Bluebird Bio gene therapy is now the first treatment approved by the FDA for a neurodegenerative disorder that causes progressive and irreversible functional decline that usually leads to death within five years.
Friday’s late approval of the therapy, elivaldogene autotemcel (commonly abbreviated to eli-cel), covers boys ages 4 to 17 who have an early form of the disease, cerebral adrenoleukodystrophy (CALD). As the first FDA-approved therapy for CALD, the therapy, which will be marketed under the name Skysona, carries a premium price of $3 million. Approval comes with some qualifications. Although Bluebird gene therapy is a one-time treatment, it is not a cure for a disease. The approval covers its use to slow the progressive loss of neurological function in CALD. Skysona’s label also carries a black box warning that alerts patients and doctors to the risk of blood cancer associated with the therapy.
“We are confident that the risks of Skysona will be carefully weighed against the risks of other treatment approaches and of CALD itself as families and clinicians make these complex and deeply personal treatment decisions,” Bluebird CEO Andrew Obenschein said during conference call on Monday.
Adrenoleukodystrophy results from genetic mutations that lead to a buildup of very long-chain fatty acids in the brain that damage myelin, the protective covering of nerve cells. This impairment leads to a number of problems, such as loss of the ability to walk, communicate, see and control muscle movements, among other complications. CALD is the most severe form of childhood-onset adrenoleukodystrophy. The X-linked disorder occurs predominantly in boys. Bluebird estimates that about 40 boys in the US develop CALD annually. Stem cell transplantation offers a treatment option that can slow the progression of the disease. However, this procedure can lead to dangerous complications, especially in patients who do not have a suitable donor.
Bluebird makes Skysona from a patient’s own hematopoietic, or immature, stem cells. Once these cells are collected, they are engineered in a laboratory. A lentiviral vector is used to insert a functional copy of a key gene into the patient’s stem cells. These cells are then infused back into the patient, where they are taken up in the bone marrow to differentiate into different types of cells that are capable of producing the protein needed to break down very long-chain fatty acids. Bluebird evaluated this gene therapy in a Phase 2/3 study and a Phase 3 clinical trial, both open-label studies, that treated a total of 67 patients with early and active CALD. The FDA’s regulatory decision was based on results showing 24 months of improvement according to a test that assesses six basic functions, such as communication and wheelchair dependence.
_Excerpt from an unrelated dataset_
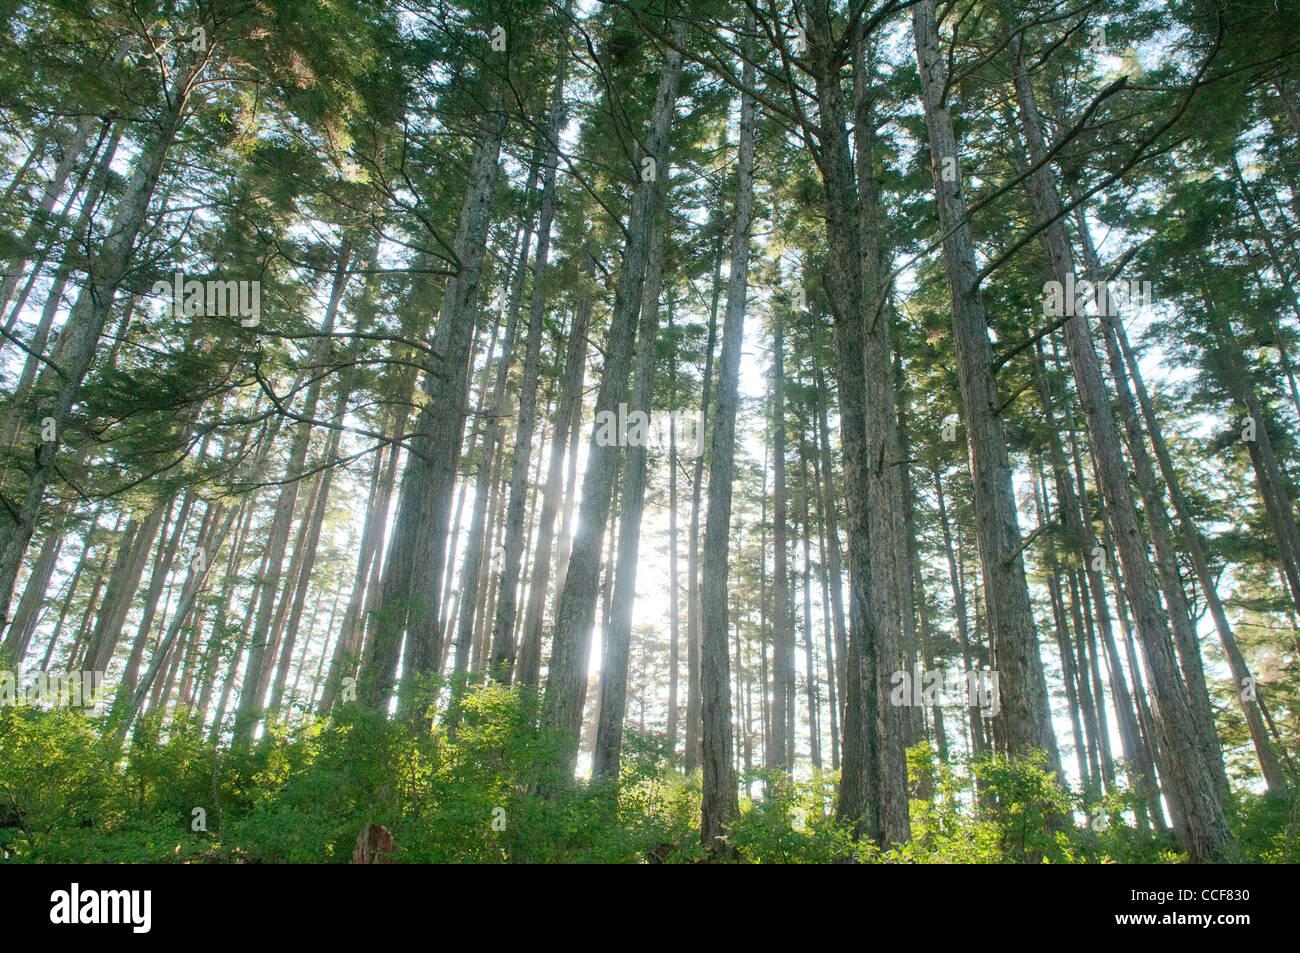 Forest on Bamdoroshni Island, Sitka, Alaska - Stock Image

Despite the positive results of the clinical trials, the studies had a setback. Bluebird reported that three boys were treated with Skysona advanced myelodysplastic syndrome thought to be caused by gene therapy. This bone marrow cancer can develop when a lentivirus-based gene therapy delivers its genetic cargo into or near a gene that causes cancer cells to grow. Those cancer cases in the Skysona trials prompted the FDA to place the CALD therapy on clinical hold last year. In June of this year, an FDA advisory committee unanimously voted in favor I recommend approval of the therapy, concluding that its benefits outweigh the risks. Bluebird said the FDA lifted the clinical hold on Sept. 15, just ahead of Skysona’s approval. But the cancer risk is at the heart of the black box warning on Skysona’s label.
The positive decision for Skysona is the second regulatory nod for Bluebird in a month. In August, the agency approved the Bluebird Zynteglo gene therapy to treat the rare blood disorder beta thalassemia. This therapy carries a price tag of $2.8 million and is offered under an outcome-based agreement that ties reimbursement to how well the therapy works for a patient. Skysona will not have a similar reimbursement program because the extremely rare nature of CALD makes it too difficult to offer one, Obenschein said.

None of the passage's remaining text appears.